** SUPPLIED INFORMATION **
══════════

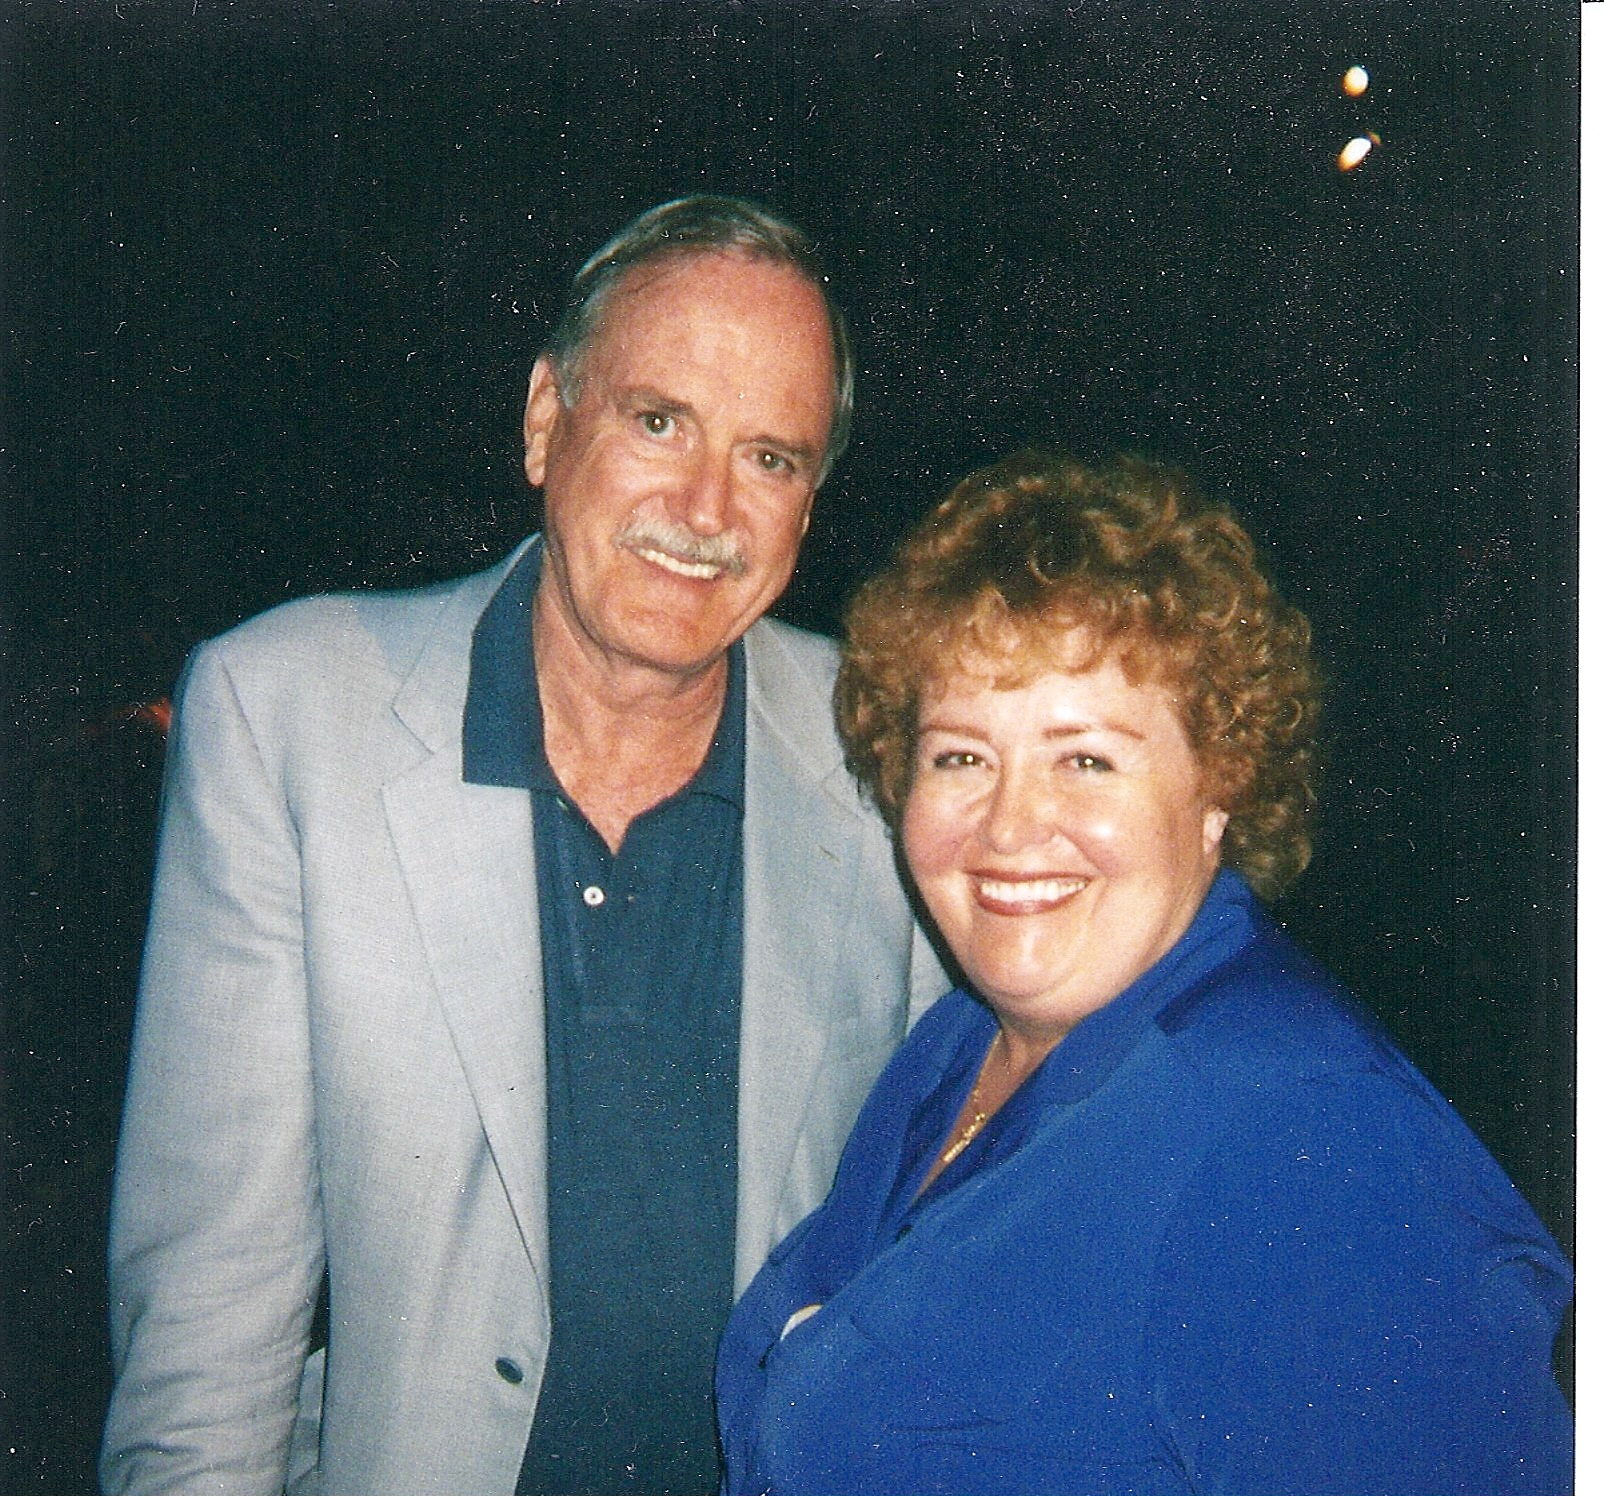 John Cleese & Tracy Weisert. We worked together on Columbia's SILVERADO in Santa Fe in 1984. This was taken in Beverly Hills at the WGA in 2008.
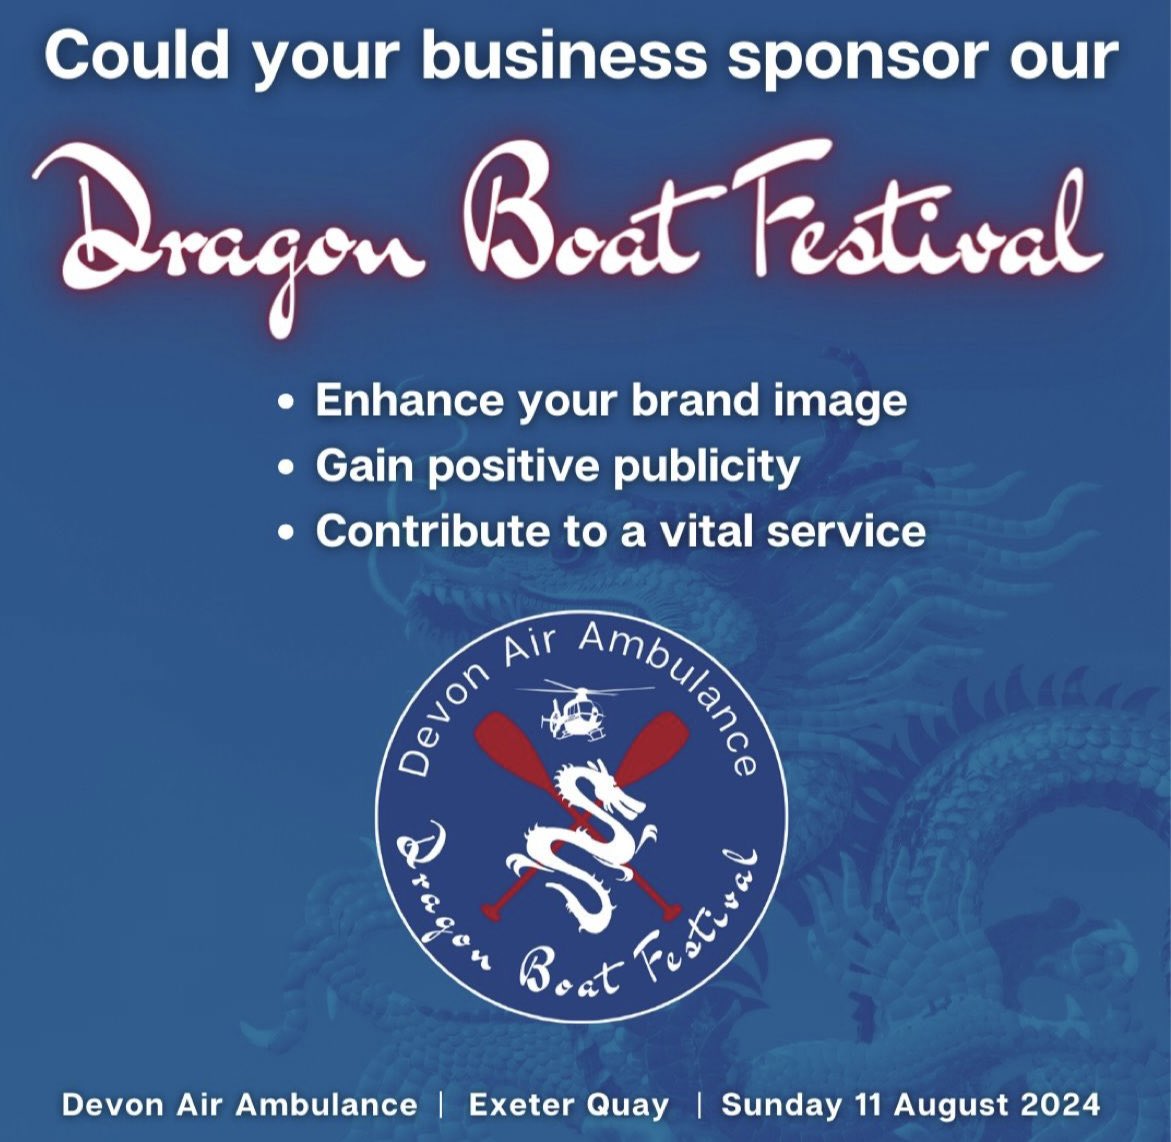 Could your business sponsor our 2024 Dragon Boat Festival? This event provides an opportunity for businesses and community groups to showcase their teamwork and competitive spirit! To find out how you can support us, download our sponsor pack here: daat.org/Handlers/Downl…
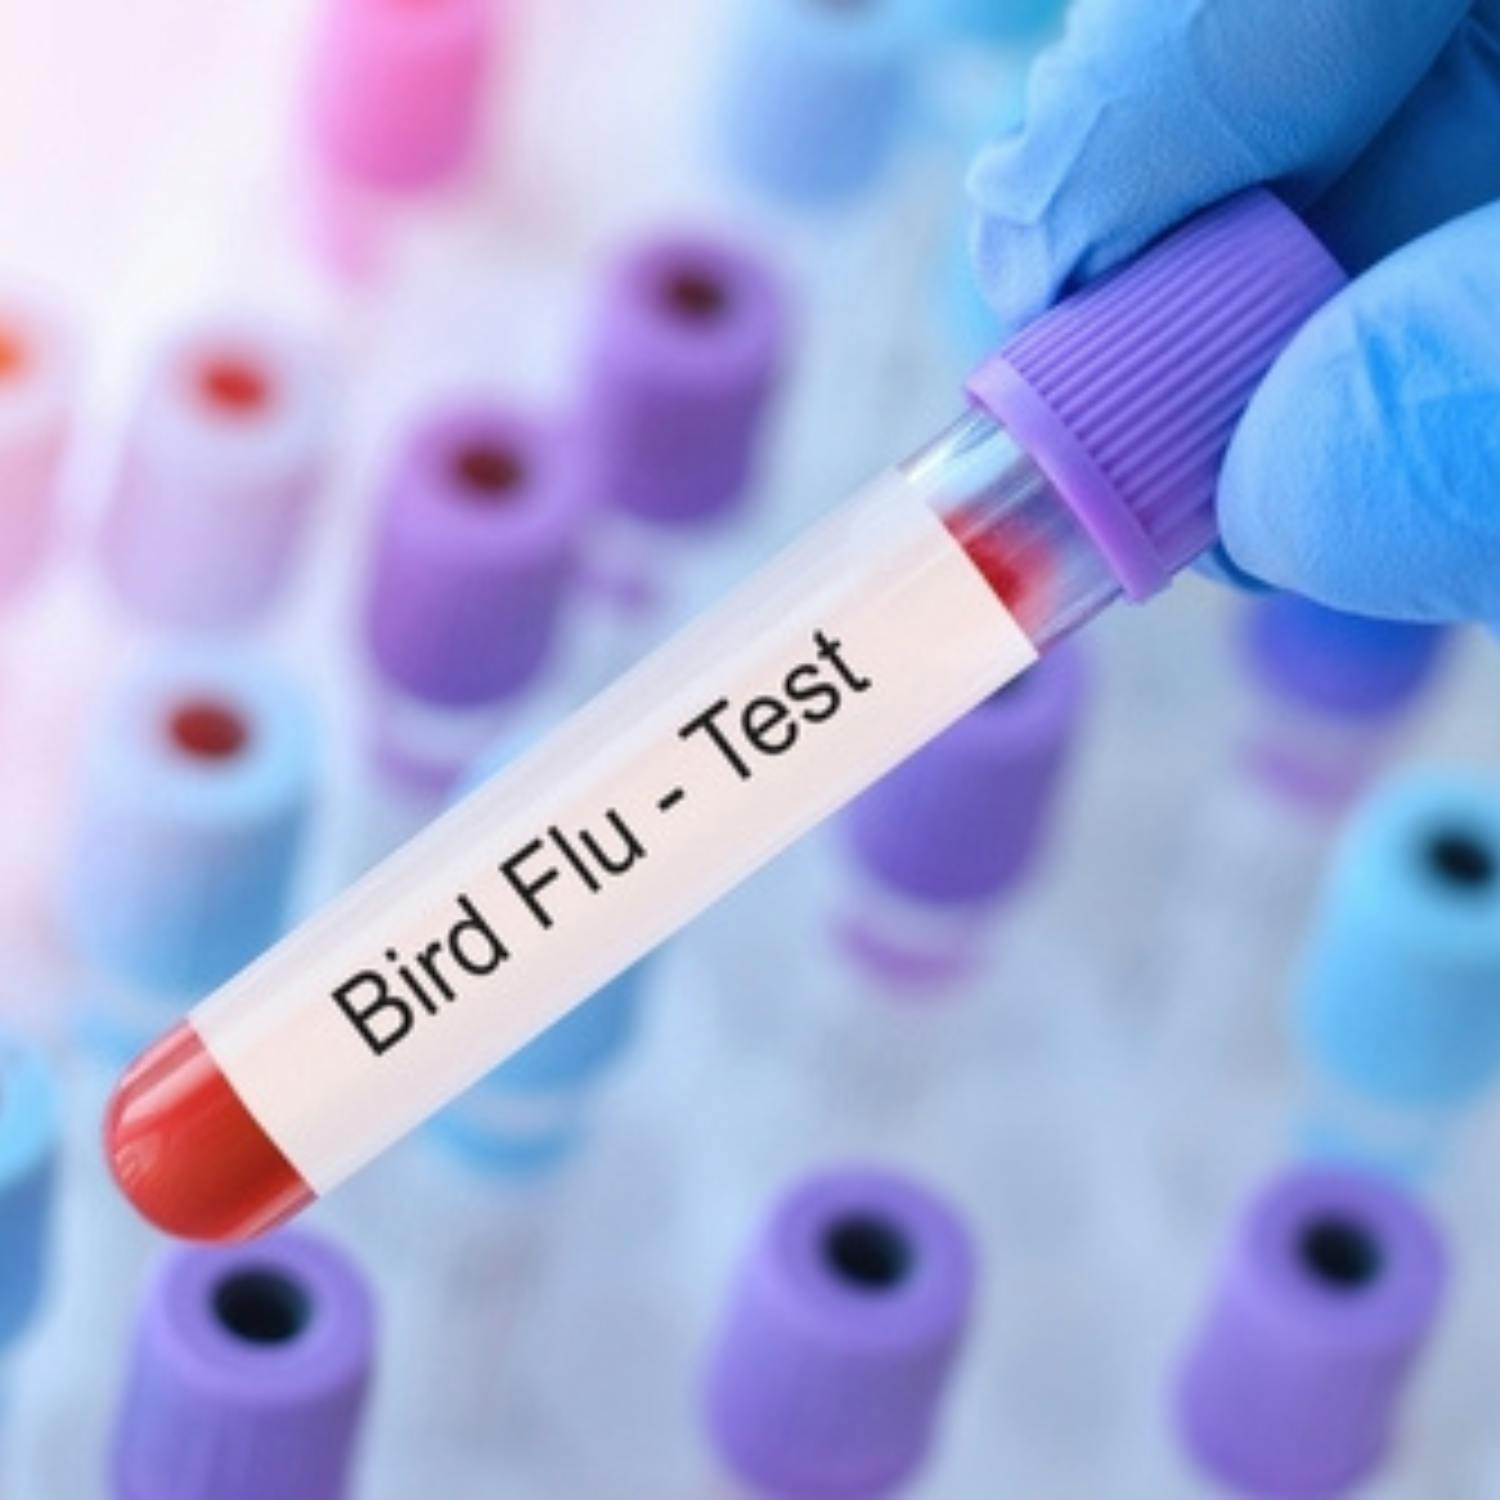 Concerns about the spread of bird flu to humans

══════════

No pictures belong in the answer, only the lines from the top of the listing through the line containing "Could your business", repeated word for word.

 John Cleese & Tracy Weisert. We worked together on Columbia's SILVERADO in Santa Fe in 1984. This was taken in Beverly Hills at the WGA in 2008.
 Could your business sponsor our 2024 Dragon Boat Festival? This event provides an opportunity for businesses and community groups to showcase their teamwork and competitive spirit! To find out how you can support us, download our sponsor pack here: daat.org/Handlers/Downl…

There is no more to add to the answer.